#### [Problem details]
Write out only the lines from the line that holds "New issue of" to the end of the listing below, inclusive, with the pictures omitted.

Top of Recorded data

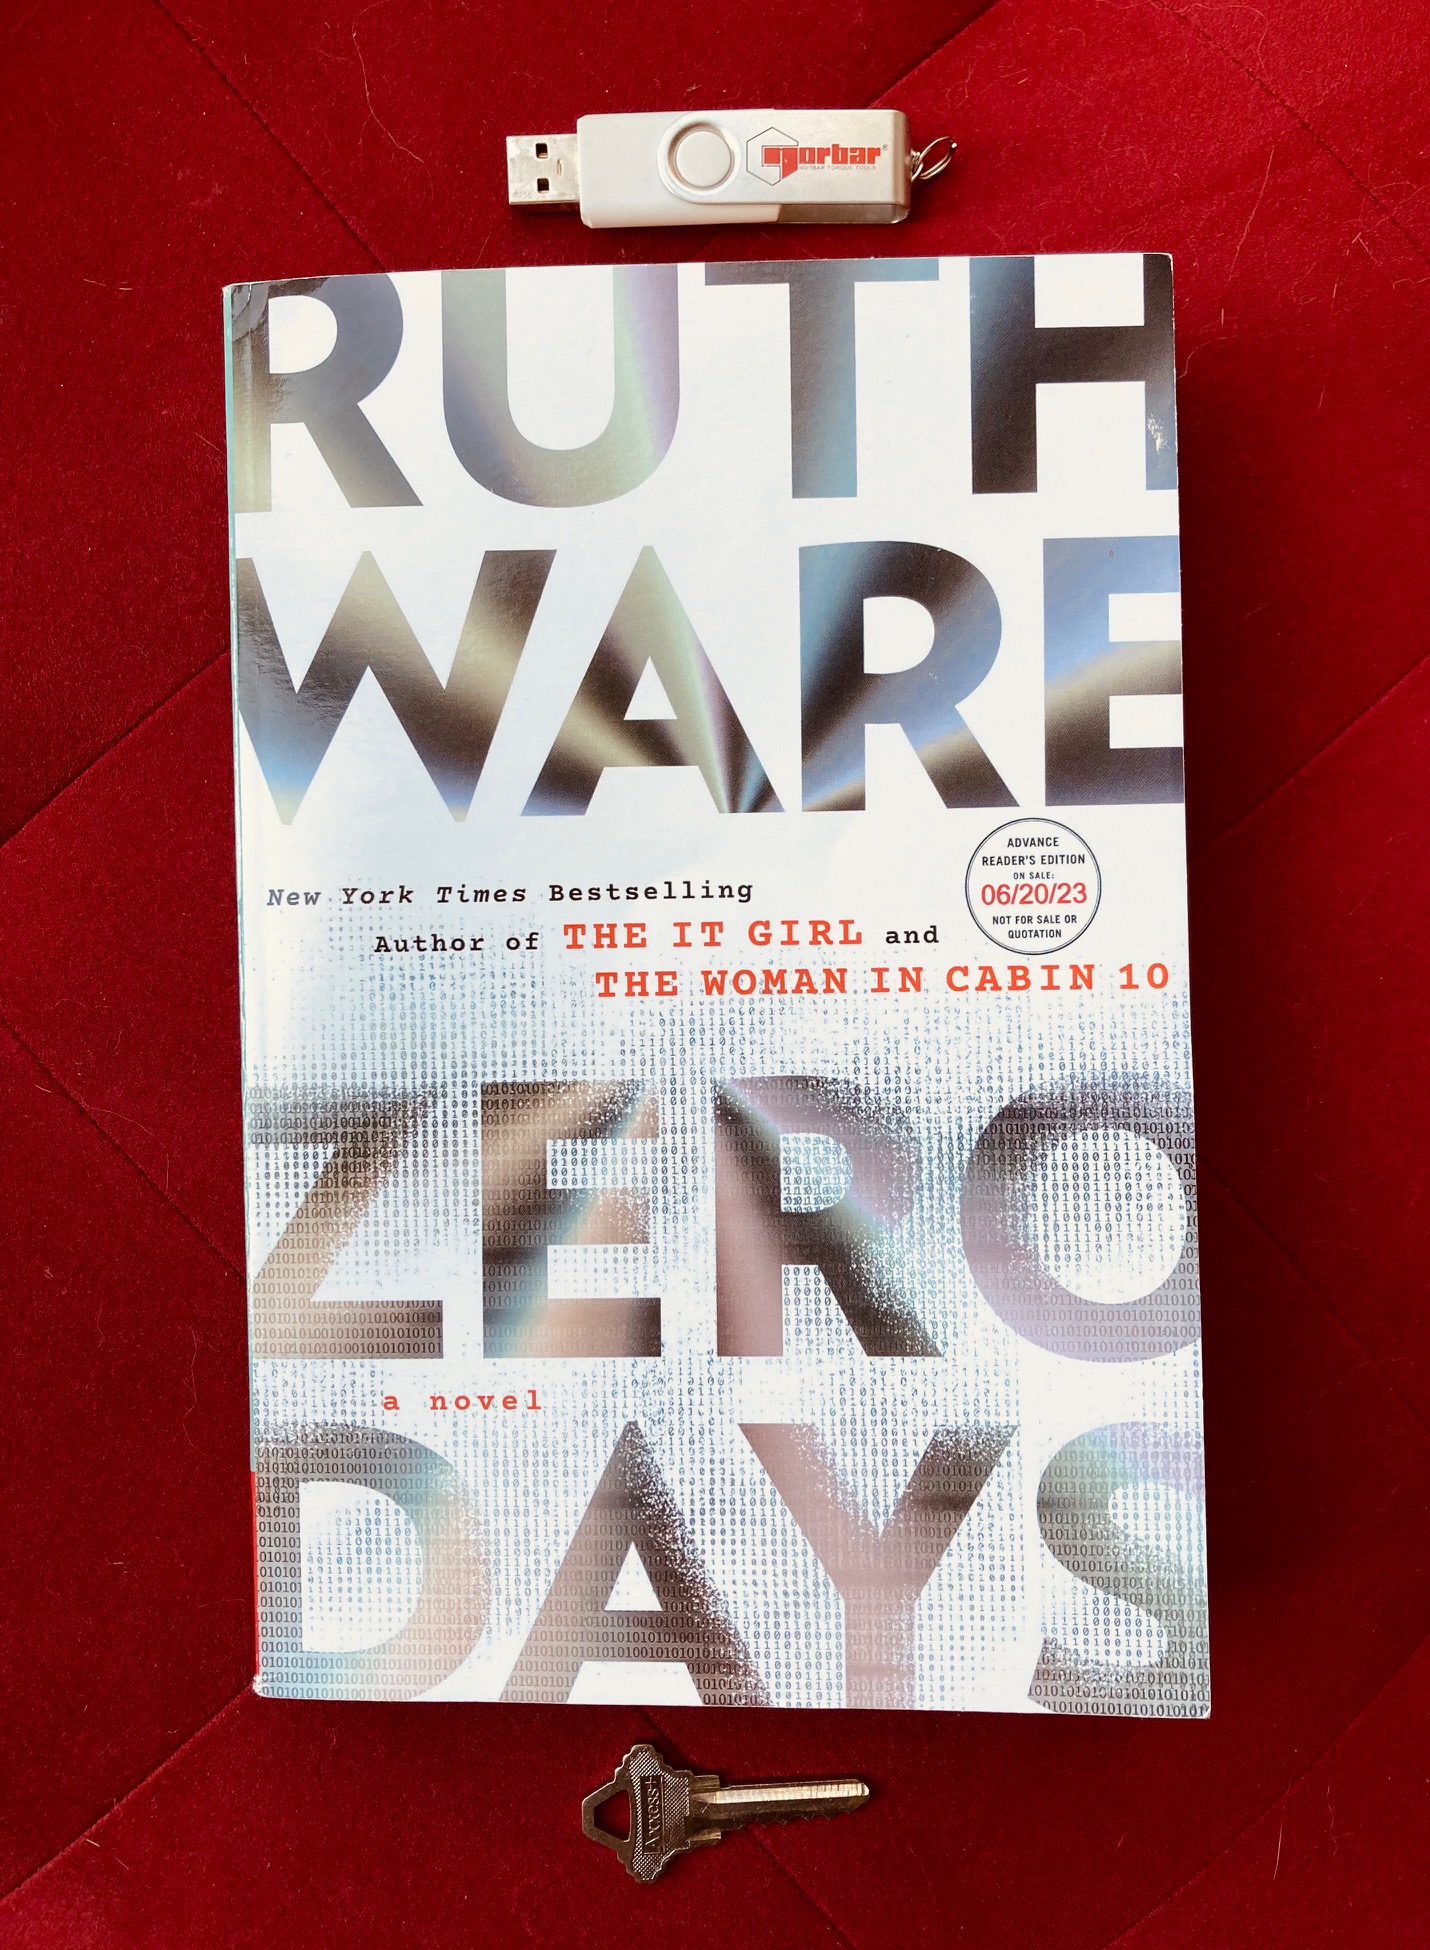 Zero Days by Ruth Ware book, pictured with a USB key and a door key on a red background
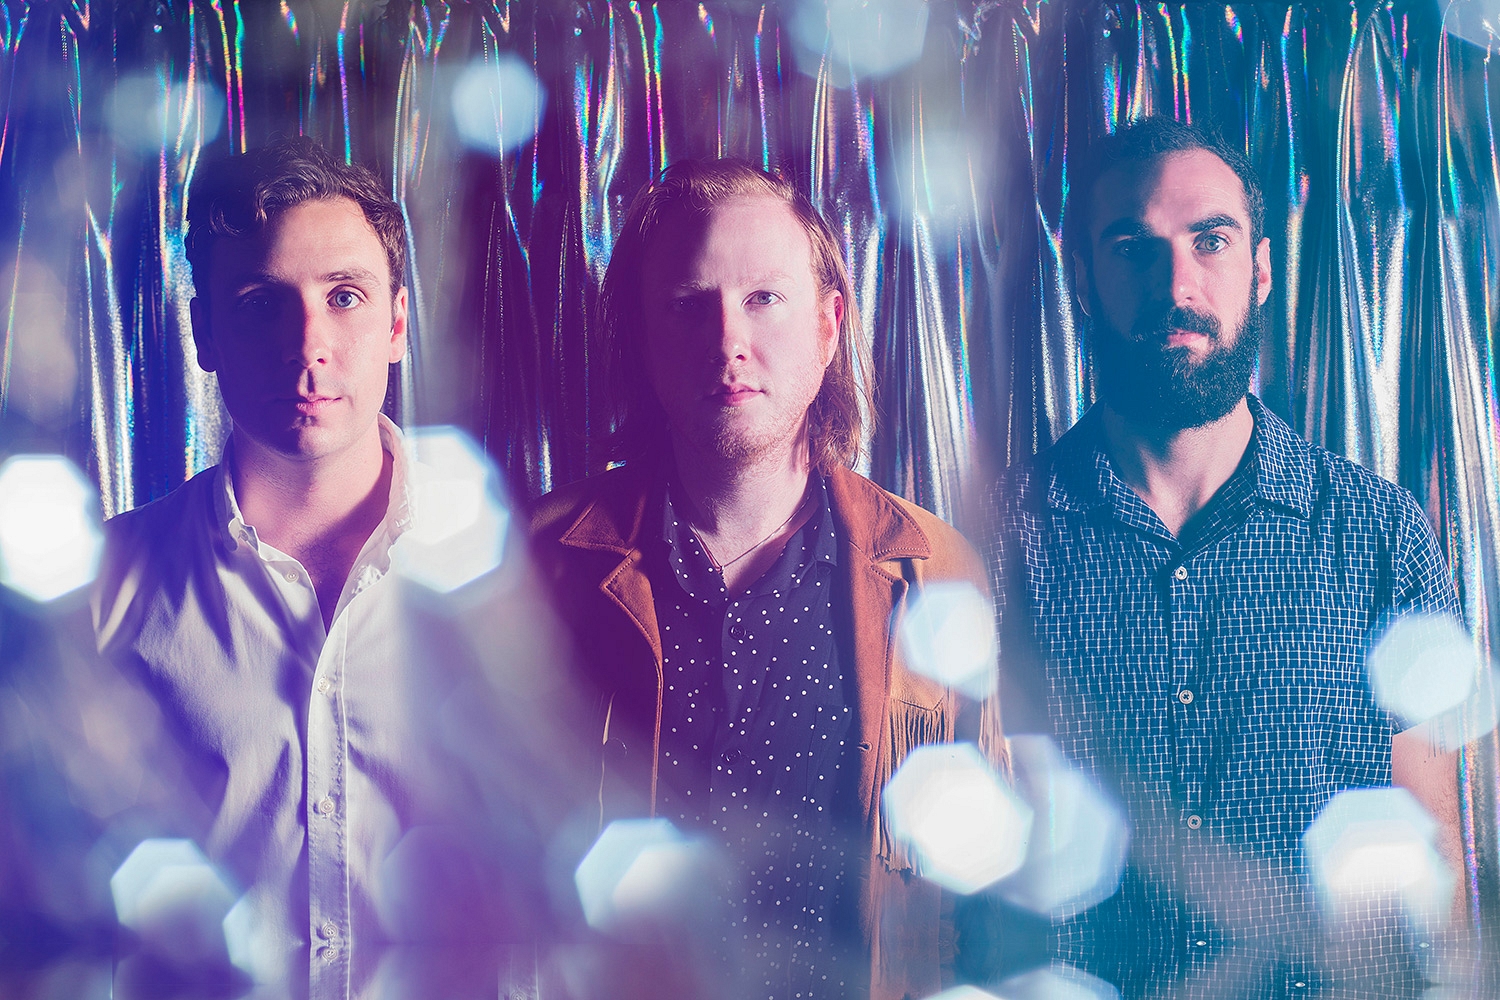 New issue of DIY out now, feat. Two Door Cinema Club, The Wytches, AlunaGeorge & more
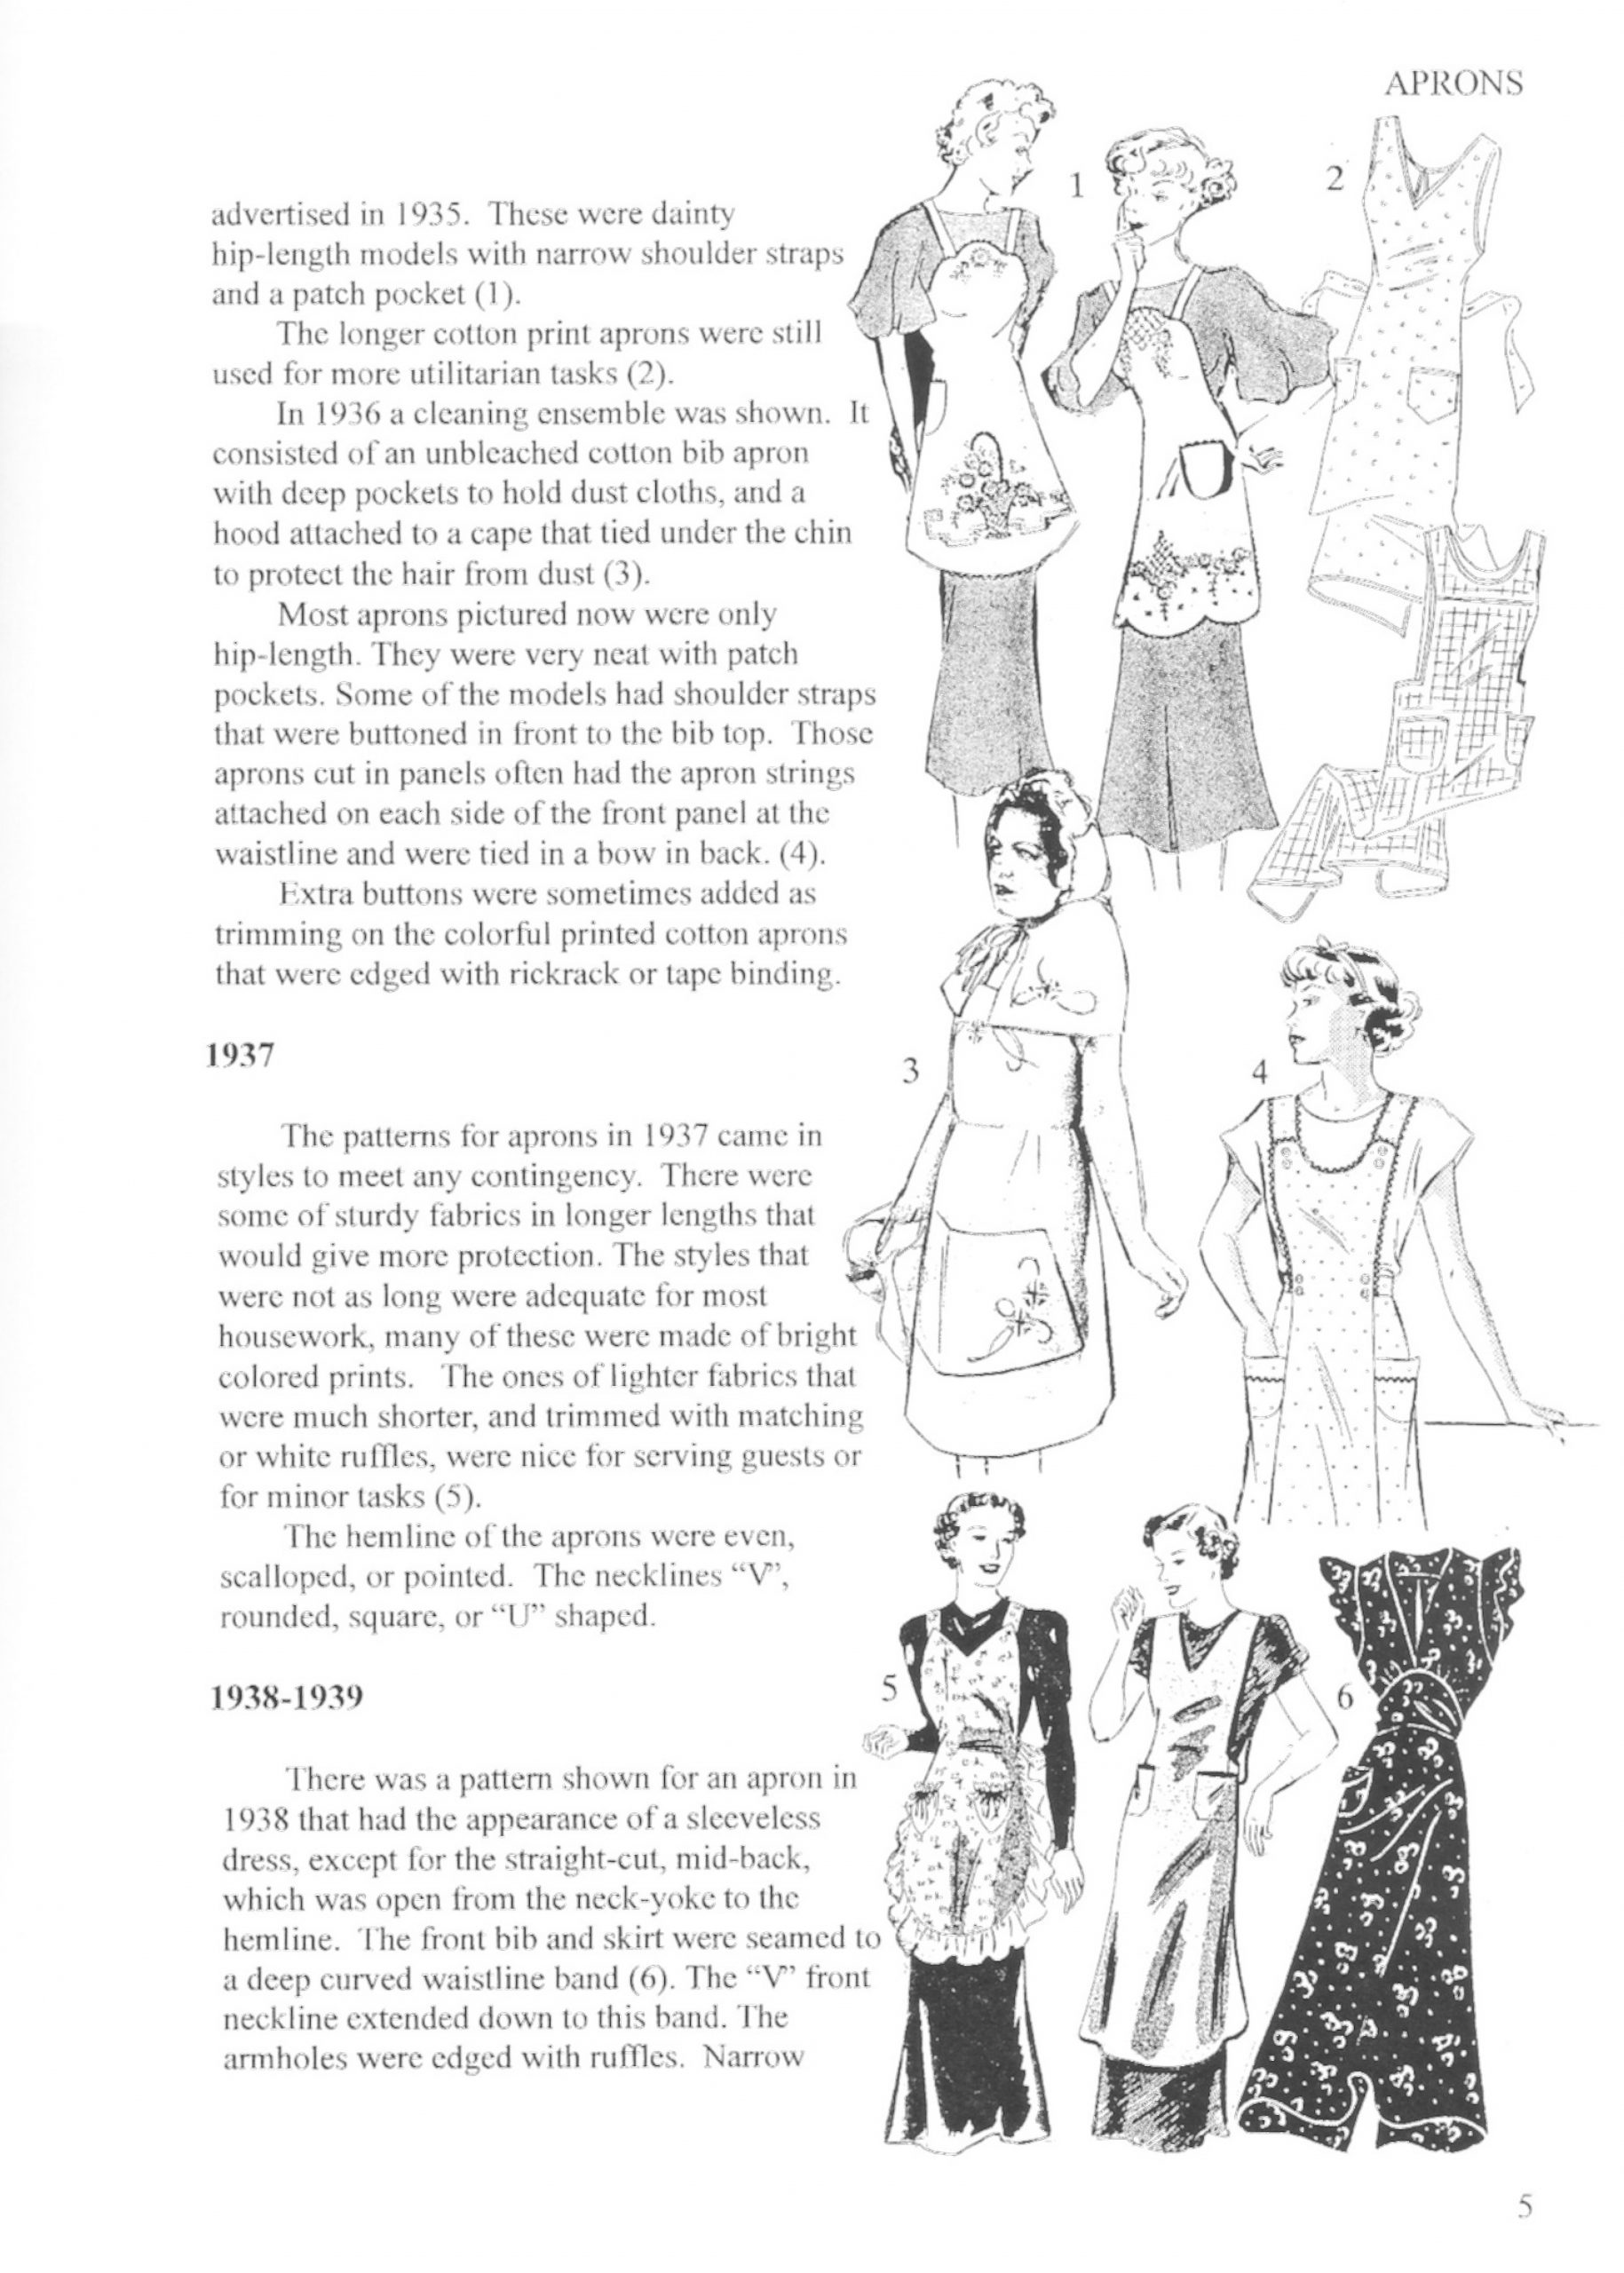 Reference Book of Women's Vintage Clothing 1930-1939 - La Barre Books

Bottom of Recorded data

#### [Completed exercise]
 New issue of DIY out now, feat. Two Door Cinema Club, The Wytches, AlunaGeorge & more
 Reference Book of Women's Vintage Clothing 1930-1939 - La Barre Books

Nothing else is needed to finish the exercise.